In the last scene the family is preparing to their new home, and it has been a big progression to get to that point. They have fought each other, institutionalized racism and each other again to get to that point. They are on the cusp of Big Walters dream; they are going to move into their own home. Travis will grow up in a house with his own room. Walter Lee will be able to wake up and move right into the bathroom without any wasted sleep. Mama will be able to rest her tired bones and have a garden and Ruth can raise her child in a home. This home is the culmination of the American dream for all these people, but not Beneatha. Beneatha at that point has already progressed past the dream of home ownership; she knows that it is now possible. In all the excitement about the new home, Beneatha chooses that time to tell them about Asigai's proposal. In the middle of all the action she says “Mama, Asagai asked me to marry him today and go to Africa— “(Raisin 3.1). The family is so excited about their tiny little dreams that they can't take in the scope of Beneatha’s progression past the old dreams thought up by slaves and the sons of slaves, she is past being okay with servitude to get her piece she is bigger than all that. She is the future that Hansberry envisioned; she is Hansberry herself in so many ways.
None of Beneatha's daring would have been anything more than the fancies of a young girl if George and Asigai weren't there is show us. Jim Cullen writes about the years from 1955 to 1960 by saying “One could argue that even [such] anger was a luxury for black folks is those years…” (22). Beneatha was beyond that; she just didn’t see it that way.
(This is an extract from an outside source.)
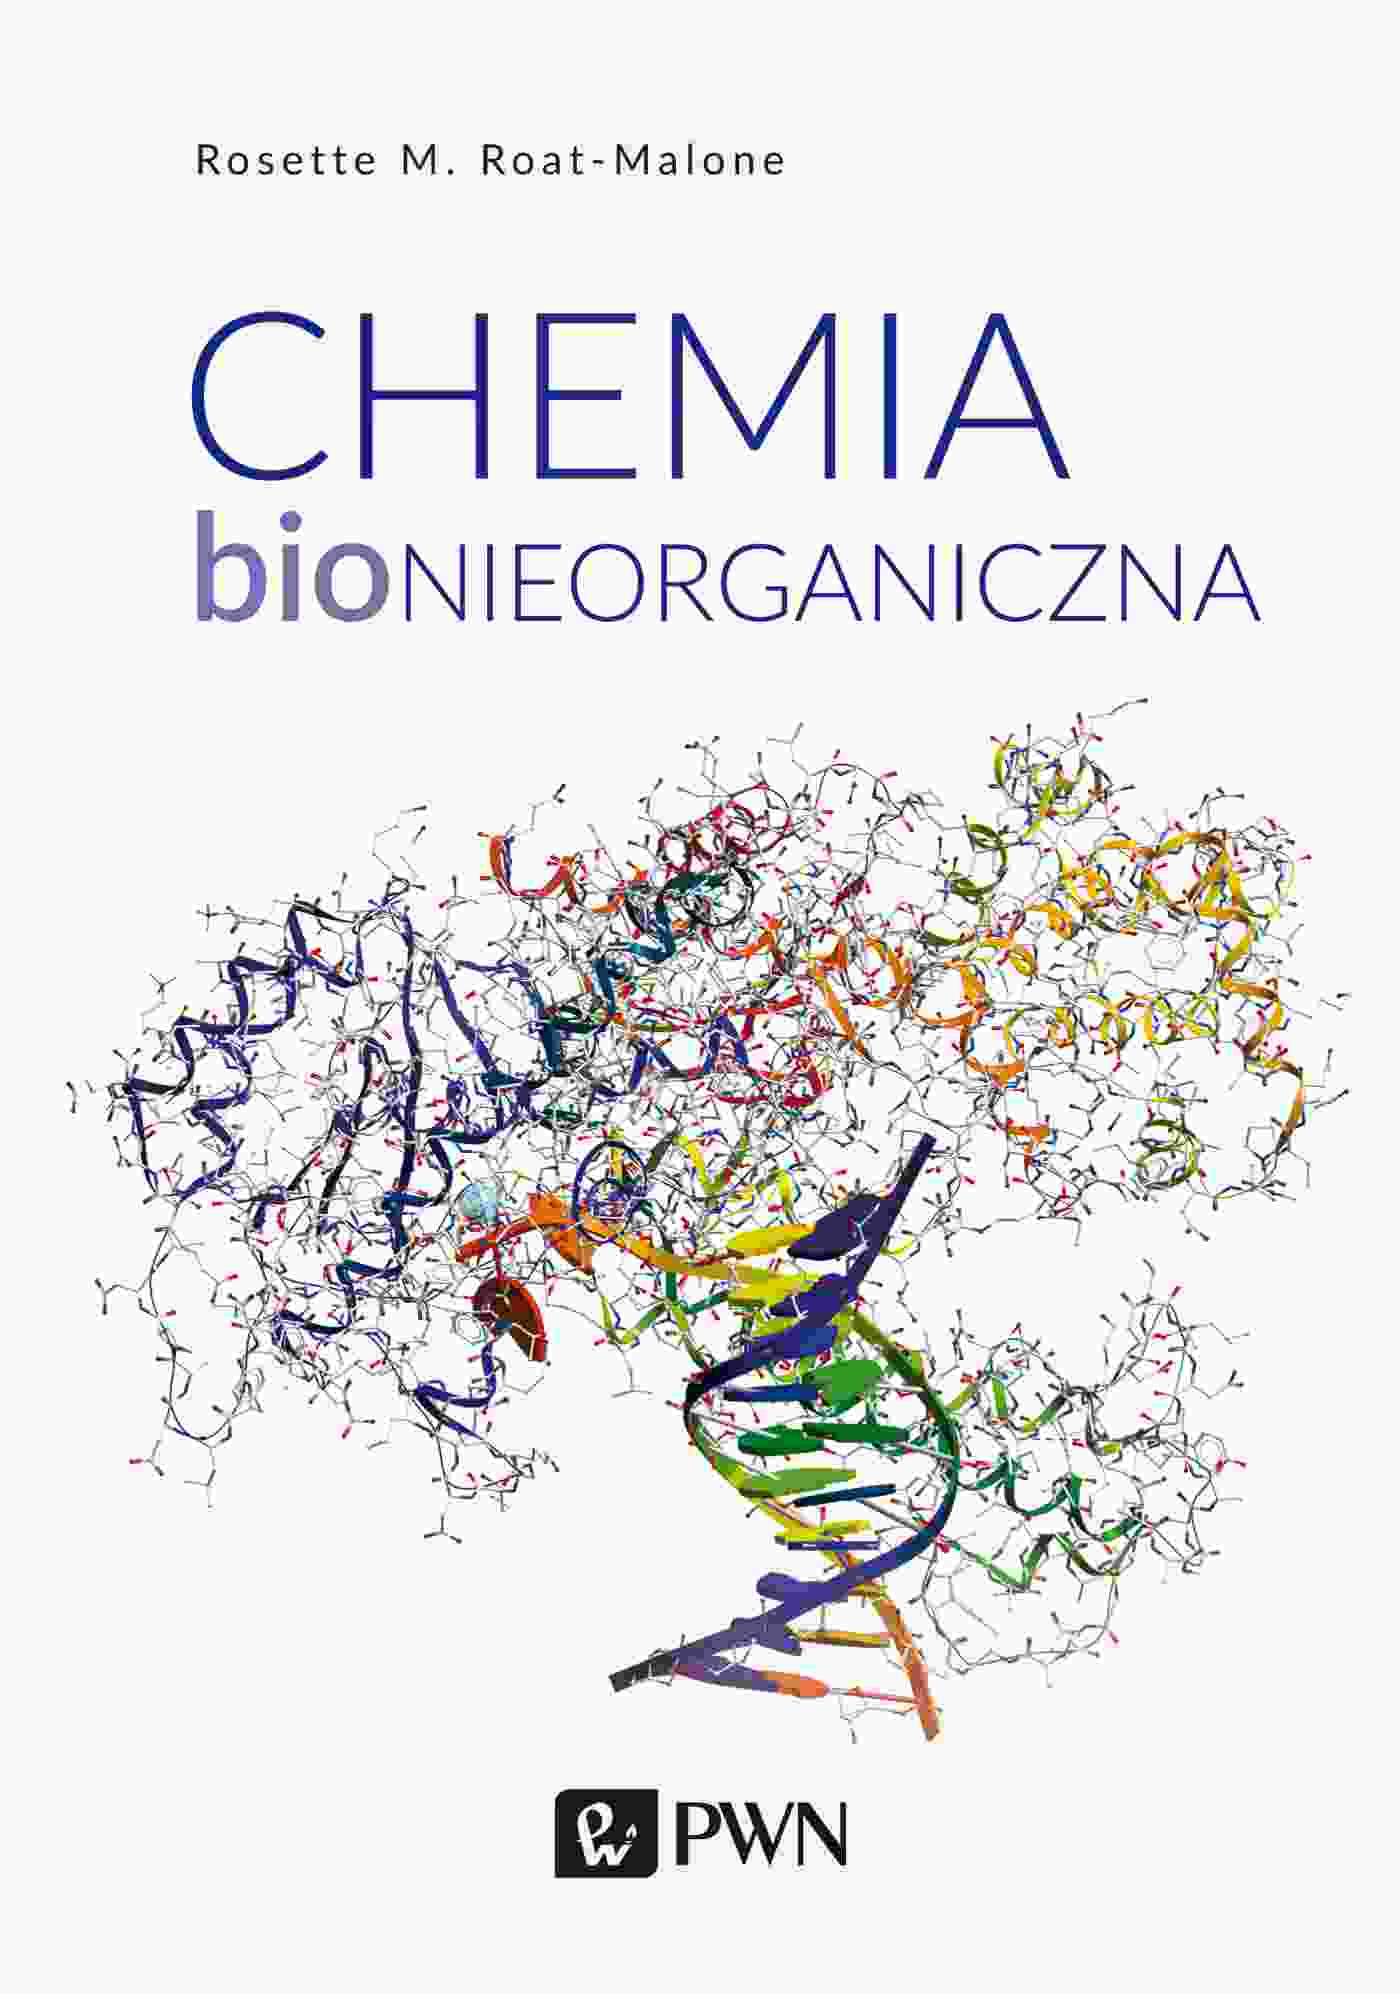 Carte Chemia bionieorganiczna Rosette M. Roat-Malone

She was old enough to be oppressed but she hadn’t been beaten down yet. Her motif of hope has evolved into promise.  Maybe Beneatha's name has significance, the old dreams, the handme down American dream of home ownership, the dream that got realized by the settlers, the Irish, the Italians, the Germans and finally was wrung out and offered to urban black America was beneath her.





Works Cited
Cullen, Jim. The American Dream: A Short History of an Idea that Shaped a Nation. Oxford University Press, New York, NY.  2004. Print.
Hansberry, Lorraine. A Raisin in the Sun. Vintage Press, New York, NY. November 2004. Print.